Extracted records
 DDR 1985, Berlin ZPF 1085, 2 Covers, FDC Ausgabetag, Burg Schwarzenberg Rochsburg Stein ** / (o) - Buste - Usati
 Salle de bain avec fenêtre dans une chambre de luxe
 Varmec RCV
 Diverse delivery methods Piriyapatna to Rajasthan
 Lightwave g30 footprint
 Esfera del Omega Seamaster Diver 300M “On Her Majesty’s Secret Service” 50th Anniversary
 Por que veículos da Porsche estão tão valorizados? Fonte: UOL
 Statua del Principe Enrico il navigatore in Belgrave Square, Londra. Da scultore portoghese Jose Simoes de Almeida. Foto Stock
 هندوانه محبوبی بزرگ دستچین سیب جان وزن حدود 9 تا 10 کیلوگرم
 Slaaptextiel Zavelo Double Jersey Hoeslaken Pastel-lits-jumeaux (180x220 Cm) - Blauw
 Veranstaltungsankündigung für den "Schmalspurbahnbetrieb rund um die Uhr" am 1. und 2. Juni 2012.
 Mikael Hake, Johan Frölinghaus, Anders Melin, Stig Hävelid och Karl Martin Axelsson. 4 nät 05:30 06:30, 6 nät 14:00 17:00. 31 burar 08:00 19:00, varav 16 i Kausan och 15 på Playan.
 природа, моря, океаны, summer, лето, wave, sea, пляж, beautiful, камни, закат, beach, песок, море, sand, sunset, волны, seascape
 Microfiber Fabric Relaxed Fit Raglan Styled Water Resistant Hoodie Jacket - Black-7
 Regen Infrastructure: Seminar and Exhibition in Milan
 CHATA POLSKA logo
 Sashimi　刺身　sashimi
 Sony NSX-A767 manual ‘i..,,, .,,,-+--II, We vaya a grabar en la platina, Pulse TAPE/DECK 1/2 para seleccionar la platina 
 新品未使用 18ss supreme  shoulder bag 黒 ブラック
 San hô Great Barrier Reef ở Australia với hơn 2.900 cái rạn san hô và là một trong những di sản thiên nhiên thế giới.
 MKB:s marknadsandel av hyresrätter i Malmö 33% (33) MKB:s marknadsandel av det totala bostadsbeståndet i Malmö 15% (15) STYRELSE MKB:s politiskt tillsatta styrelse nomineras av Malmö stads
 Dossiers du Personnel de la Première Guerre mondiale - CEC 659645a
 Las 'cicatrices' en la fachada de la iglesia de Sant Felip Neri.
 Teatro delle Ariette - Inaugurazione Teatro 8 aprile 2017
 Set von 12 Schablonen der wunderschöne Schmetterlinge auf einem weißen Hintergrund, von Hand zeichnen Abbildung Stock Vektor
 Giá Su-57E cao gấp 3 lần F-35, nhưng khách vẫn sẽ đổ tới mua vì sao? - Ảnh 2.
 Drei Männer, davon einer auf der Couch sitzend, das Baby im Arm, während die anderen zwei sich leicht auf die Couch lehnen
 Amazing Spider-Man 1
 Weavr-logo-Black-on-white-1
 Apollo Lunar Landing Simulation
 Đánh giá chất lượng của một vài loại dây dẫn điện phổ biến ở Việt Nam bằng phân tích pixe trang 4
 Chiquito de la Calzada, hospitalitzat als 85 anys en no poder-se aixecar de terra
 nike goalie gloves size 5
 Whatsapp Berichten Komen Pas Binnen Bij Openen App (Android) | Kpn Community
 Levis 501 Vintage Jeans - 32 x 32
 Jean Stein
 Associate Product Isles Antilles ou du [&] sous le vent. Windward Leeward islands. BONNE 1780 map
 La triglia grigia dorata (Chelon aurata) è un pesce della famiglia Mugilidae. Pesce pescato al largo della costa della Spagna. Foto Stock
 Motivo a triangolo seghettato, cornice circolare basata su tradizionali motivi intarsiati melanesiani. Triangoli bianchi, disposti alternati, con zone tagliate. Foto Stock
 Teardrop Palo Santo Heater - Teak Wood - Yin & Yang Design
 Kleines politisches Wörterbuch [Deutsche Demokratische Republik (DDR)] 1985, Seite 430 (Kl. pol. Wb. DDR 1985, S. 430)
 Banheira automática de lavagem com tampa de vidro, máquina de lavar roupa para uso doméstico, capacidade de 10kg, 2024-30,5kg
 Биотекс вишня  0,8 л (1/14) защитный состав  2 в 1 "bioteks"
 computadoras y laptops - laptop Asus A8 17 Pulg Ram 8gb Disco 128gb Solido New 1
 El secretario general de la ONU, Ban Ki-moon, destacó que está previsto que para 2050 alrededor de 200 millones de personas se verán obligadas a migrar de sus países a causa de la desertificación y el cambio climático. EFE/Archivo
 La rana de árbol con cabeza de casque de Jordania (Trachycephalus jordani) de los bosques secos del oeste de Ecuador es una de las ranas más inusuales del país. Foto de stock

■ **TASK ITEM**: Up to and including the line with "هندوانه محبوبی بزرگ", restate the records above word for word from the very first line.

■ **RESPONSE TO THE EXERCISE**:
 DDR 1985, Berlin ZPF 1085, 2 Covers, FDC Ausgabetag, Burg Schwarzenberg Rochsburg Stein ** / (o) - Buste - Usati
 Salle de bain avec fenêtre dans une chambre de luxe
 Varmec RCV
 Diverse delivery methods Piriyapatna to Rajasthan
 Lightwave g30 footprint
 Esfera del Omega Seamaster Diver 300M “On Her Majesty’s Secret Service” 50th Anniversary
 Por que veículos da Porsche estão tão valorizados? Fonte: UOL
 Statua del Principe Enrico il navigatore in Belgrave Square, Londra. Da scultore portoghese Jose Simoes de Almeida. Foto Stock
 هندوانه محبوبی بزرگ دستچین سیب جان وزن حدود 9 تا 10 کیلوگرم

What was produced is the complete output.